Dataset excerpts:
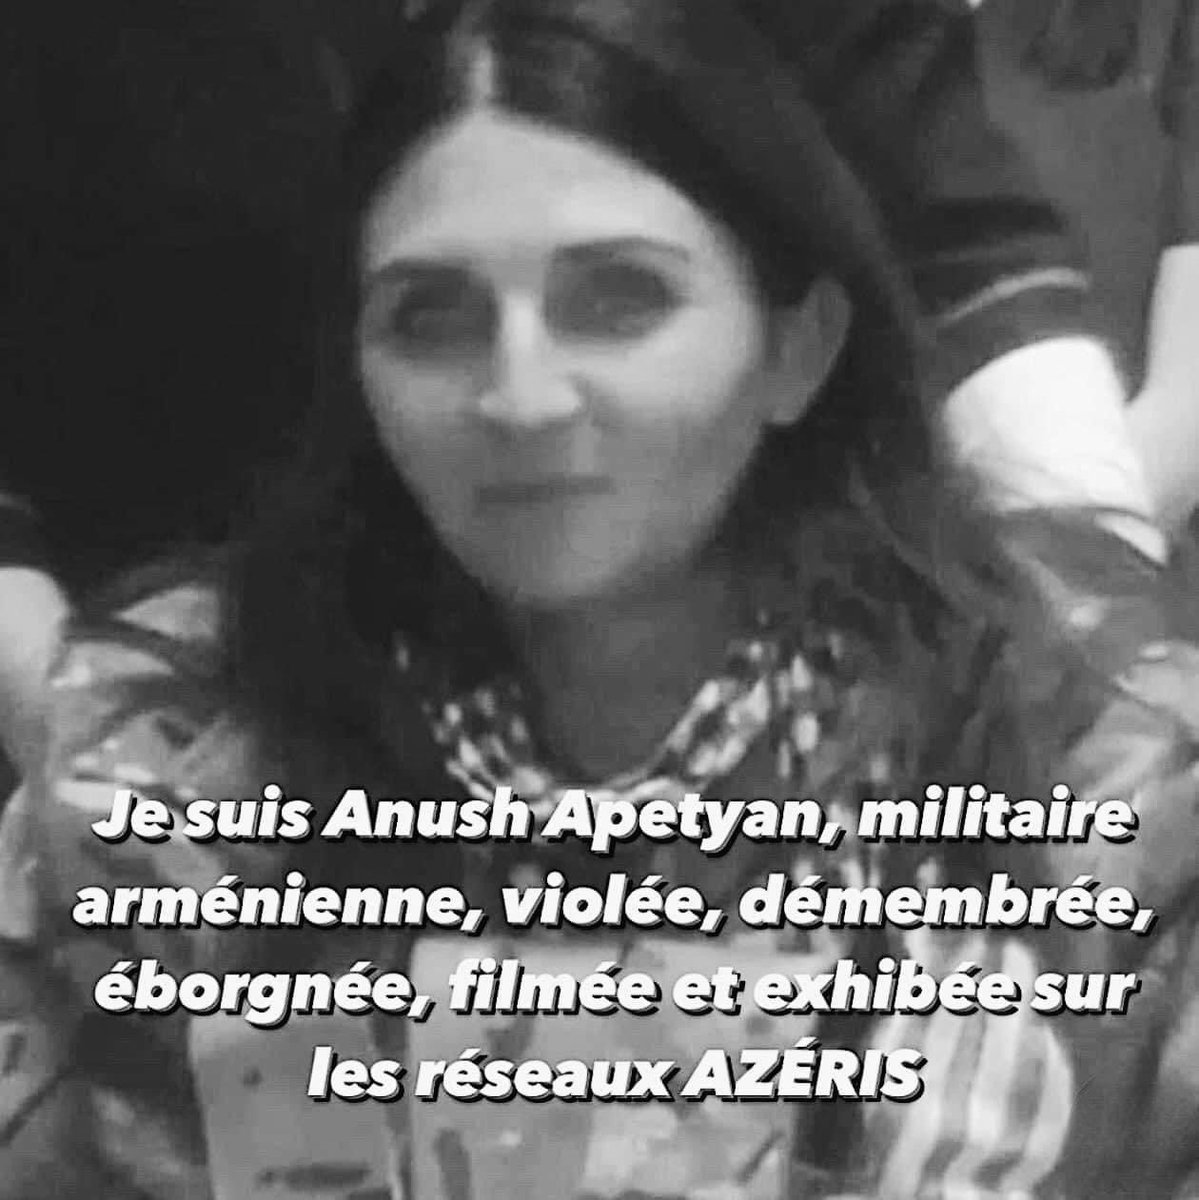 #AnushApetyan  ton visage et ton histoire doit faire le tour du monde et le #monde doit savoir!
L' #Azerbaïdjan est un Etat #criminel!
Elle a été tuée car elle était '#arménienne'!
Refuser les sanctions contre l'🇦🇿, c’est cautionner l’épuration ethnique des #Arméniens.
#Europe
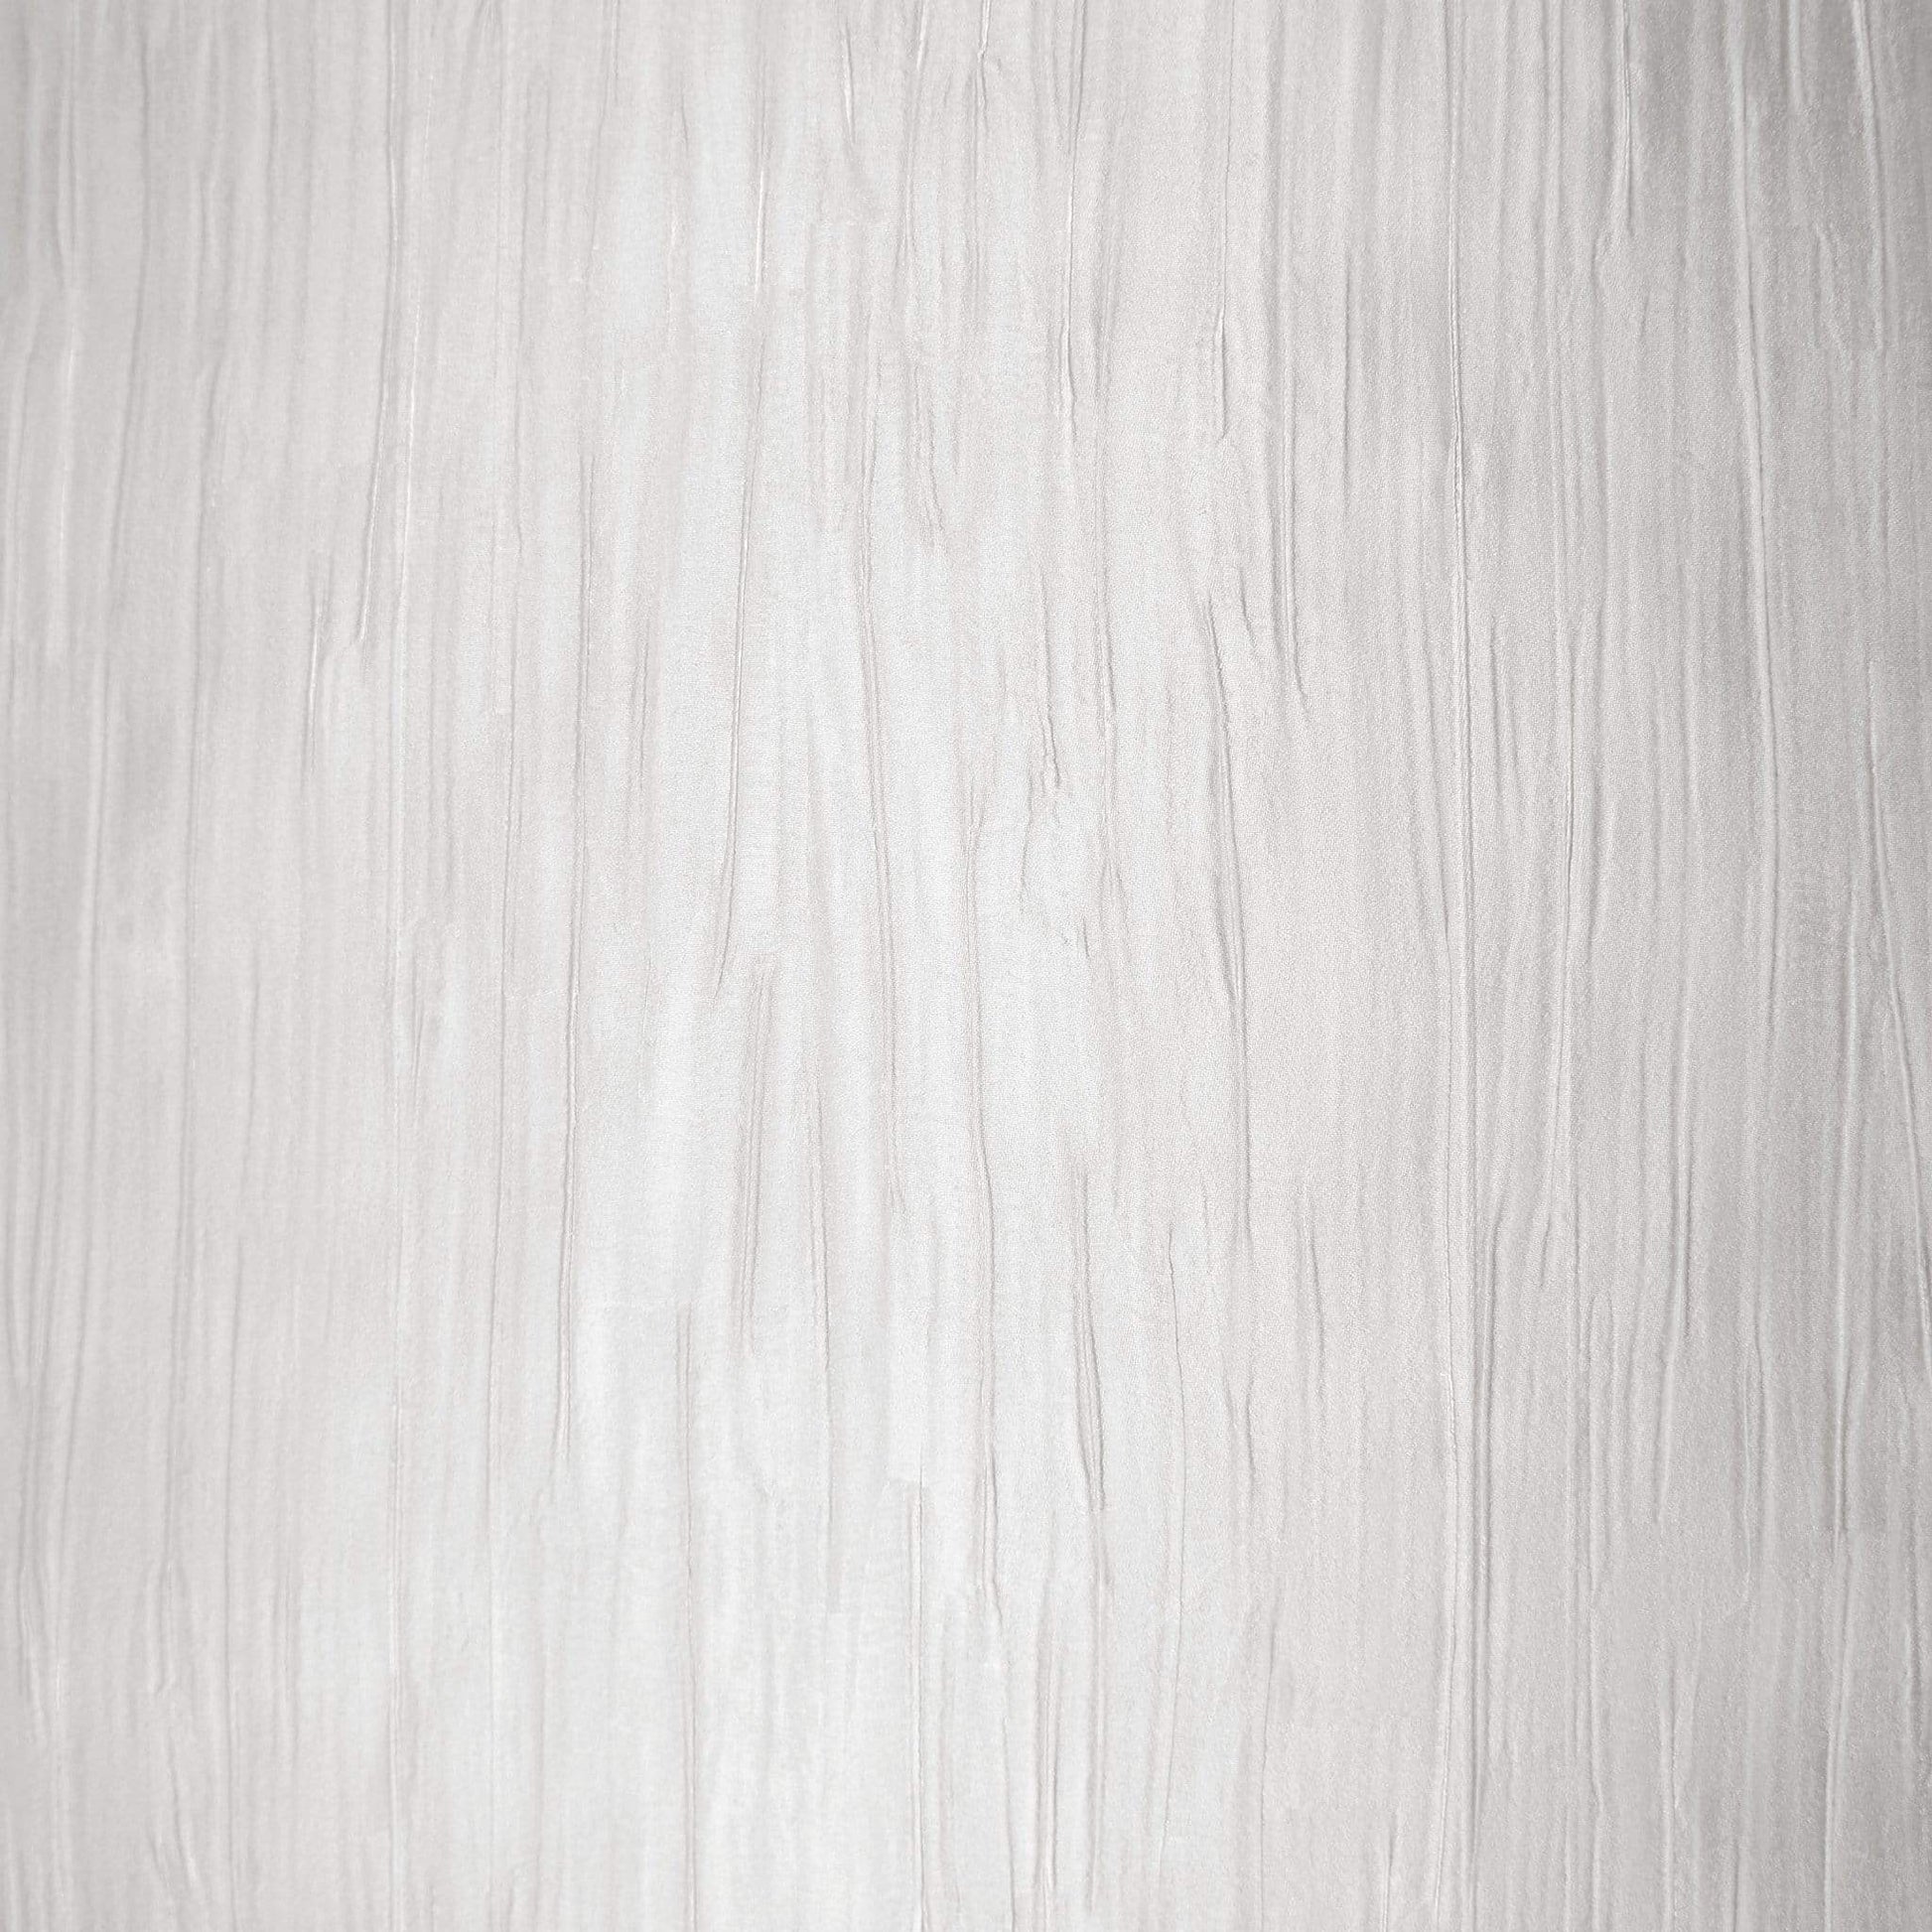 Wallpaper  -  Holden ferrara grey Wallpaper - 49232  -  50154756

What you need to do: Your answer must be the lines from the one containing "Refuser les sanctions" through the last line of the listing above, restated word for word, with no pictures.

Answer to this task:
Refuser les sanctions contre l'🇦🇿, c’est cautionner l’épuration ethnique des #Arméniens.
#Europe
 Wallpaper  -  Holden ferrara grey Wallpaper - 49232  -  50154756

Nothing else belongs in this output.